Millimeters can easier be felt by a player.

Certain neck profiles are literally a couple mm in difference and you could definitely tell the difference.


----------



## Rawkmann (Mar 15, 2017)

Glades said:


> There is absolutely no difference in playability. We are talking millimeters. It's all in your head.



Was over at my cousin's house a few days ago and played a couple of his Ibanez guitars after playing nothing but Gibson and PRS for over a year and there is most definitely a difference. I'd been transitioning away from 'shred' style guitars for a while and the radius used to not be an issue until I started getting hand cramps from trying to play anything more complex than a power chord. I'm not saying it can't be done, but a more rounded radius absolutely makes it more comfortable to play chords.


----------



## MetalHead40 (Mar 15, 2017)

Surely it boils down to the individual player, but between my 14" radius fretboard and my 12", I find it more difficult to chord on the 14". Maybe its all in my head IDK? I have an Ibanez 7 string coming with a 16" so I guess we'll see. If the Ibby is even more difficult for me to chord on, I may opt to go Schecter KM7-MKII as they've got the compound radius.


----------



## marcwormjim (Mar 15, 2017)

There are bigger differences between these guitars than fingerboard radius: String spacing, how well the neck shape lends to your thumb supporting the barre, whether or not the "shoulders" of the neck shape impede your index finger reaching over the top, string gauge, action, scale length, perceived tension, etc.

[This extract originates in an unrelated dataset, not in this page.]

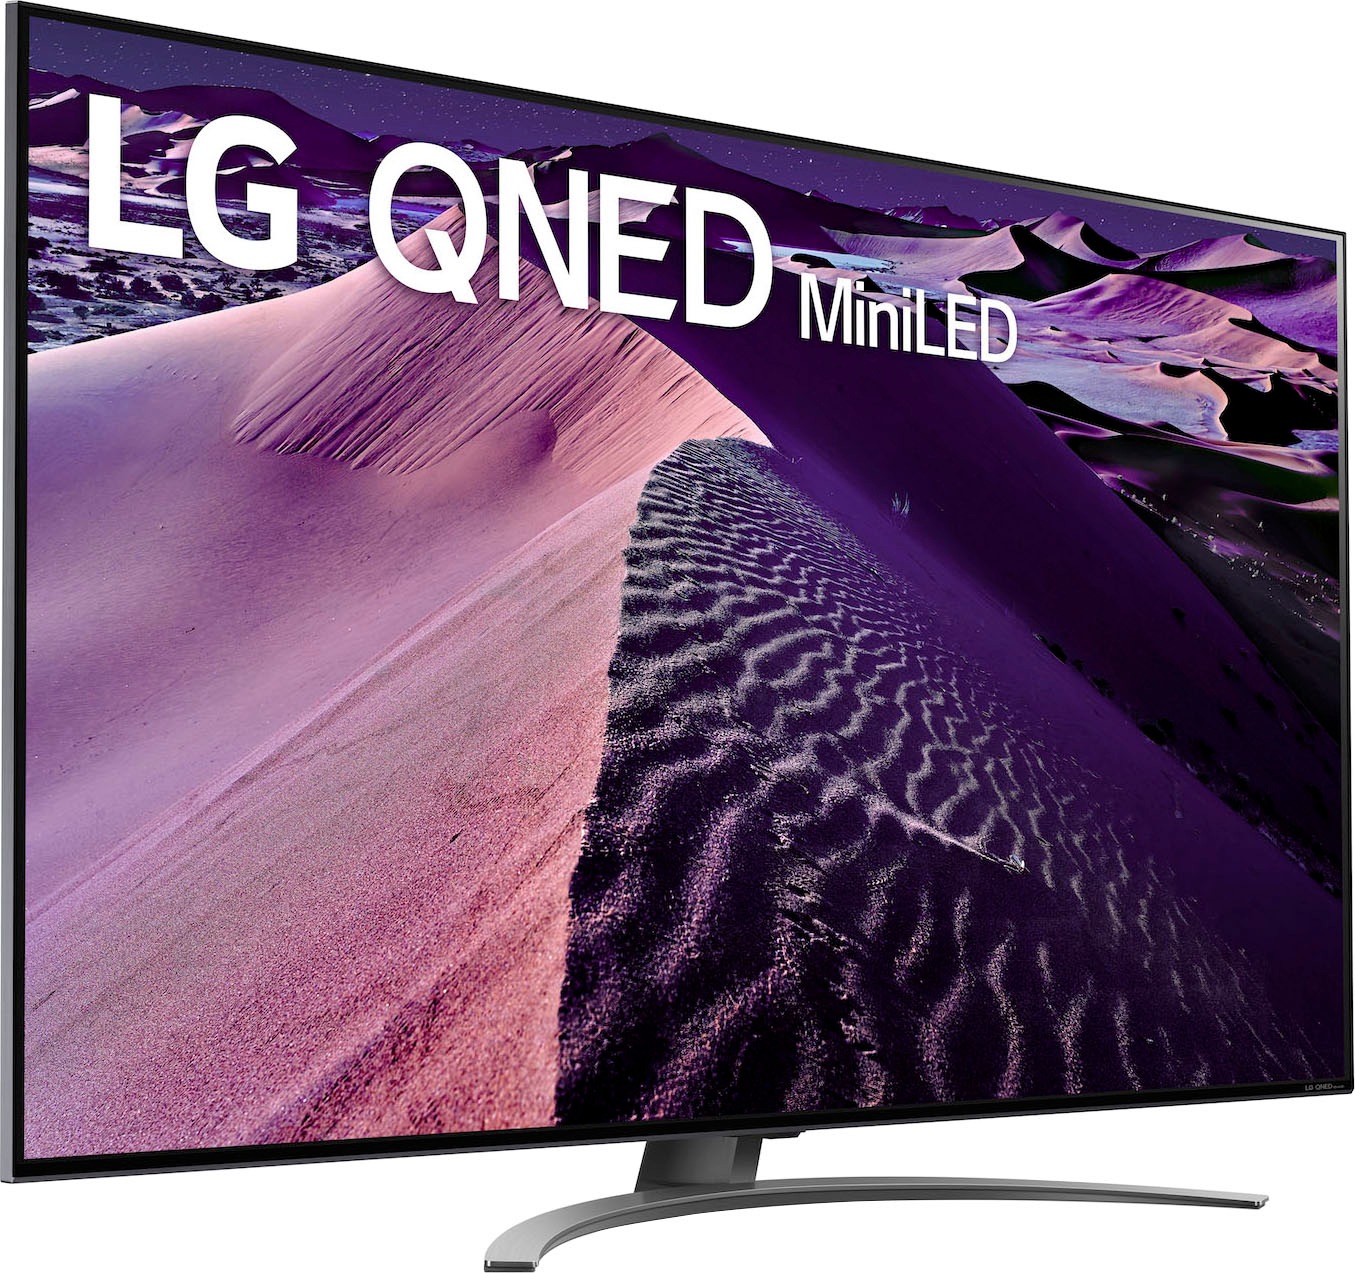 »55QNED869QA«, bei zu Gen5 Zoll, 120Hz,α7 jetzt Pro,HDMI Ultra kaufen Picture 4K QNED,bis AI-Prozessor,AI LG cm/55 HD, QNED-Fernseher Smart-TV, 4K 2.1 OTTO 139

It's easier to barre on the 10" radius at the end of my Parker neck than it is on my infinitely-flat Vigier Shawn Lane - But spending time with either instrument is all that's needed to do it comfortably when you're used to the other.


----------



## budda (Mar 15, 2017)

I'd say it depends on the size of your hands and length of your fingers as well as other factors already mentioned. I don't recall having a tough time making barre chords on my RG, but I also haven't owned it for a few years. Next time I'm near my brother's Schecters I'll check.


----------



## MaxOfMetal (Mar 15, 2017)

It's mostly technique. 

When I started guitar I took classical and flamenco lessons, so I was very used to wide, flat fretboards. Needless to say, when I played my first 9" radii guitars a couple years later it was pretty jarring.


----------



## Rachmaninoff (Mar 16, 2017)

Willyjacksonjs22-7 said:


> why is it so difficult to bar a full chord



Because you're still a beginner. 

But worry not, with time and practice it'll become easy, no matter what type of fretboard you're playing.


----------



## Willyjacksonjs22-7 (Mar 16, 2017)

Rachmaninoff said:


> Because you're still a beginner.
> 
> But worry not, with time and practice it'll become easy, no matter what type of fretboard you're playing.

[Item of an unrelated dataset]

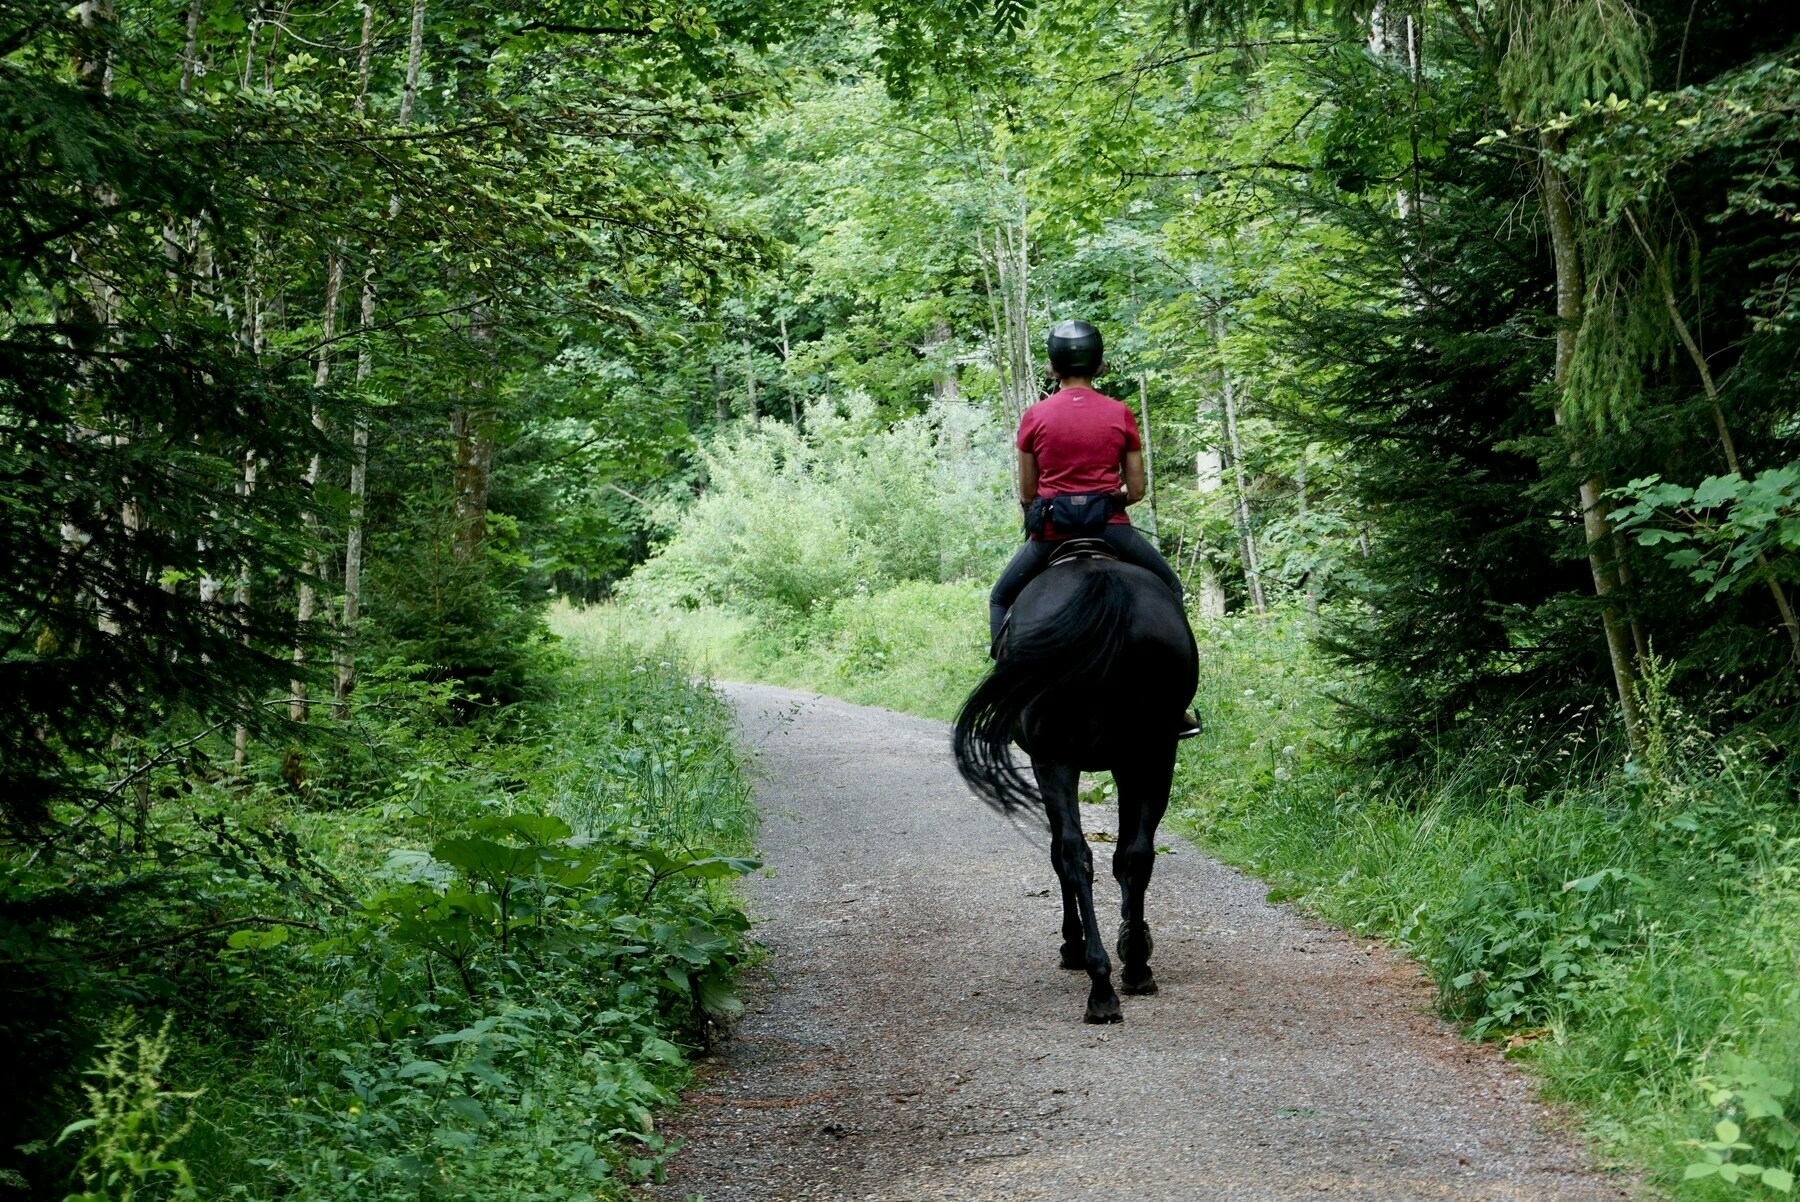 a rider on horseback racing away down a forest path

Thanks for the positive comment!


----------



## Hollowway (Mar 16, 2017)

MaxOfMetal said:


> It's mostly technique.
> 
> When I started guitar I took classical and flamenco lessons, so I was very used to wide, flat fretboards. Needless to say, when I played my first 9" radii guitars a couple years later it was pretty jarring.



Same here. While I don't have many infinite radius boards, I do prefer 16 to 20" for 8s, and can deal with a 14" on 7s. Playing a 9" feels ridiculous. And in classical technique you have to barre a lot of stuff, and move around the FB from lower to highest string quite a bit, and classical players get along fine. The trick is to keep your thumb on the back of the neck. If Iu wrap it around the neck it's impossible to straighten your index finger. 

Here's a test I use to show people this: Hold your index finger and thumb straight, about .75" apart from each other, almost like you're holding something between your finger and thumb. It's easy to do, and is like a barre chord with your thumb on the center of the back of the neck. Now hold your index finger and thumb in an A-OK circle. It's also easy, and is like wrapping your thumb around the back of the neck and barring a chord on a 9" radius FB. Now make your thumb straight and bend your index finger. It's also easy, and is like fretting a single note with your thumb on center of the back of the neck. But here's where it's different: try to keep your index finger straight, but curve your thumb. It's either impossible or hurts a lot. This is trying to wrap your thumb around the back of the neck and holf a barre on a flat fretboard. It will cause cramping and hurt quite a bit.


----------



## MetalHead40 (Mar 17, 2017)

Rachmaninoff said:


> Because you're still a beginner.
> 
> But worry not, with time and practice it'll become easy, no matter what type of fretboard you're playing.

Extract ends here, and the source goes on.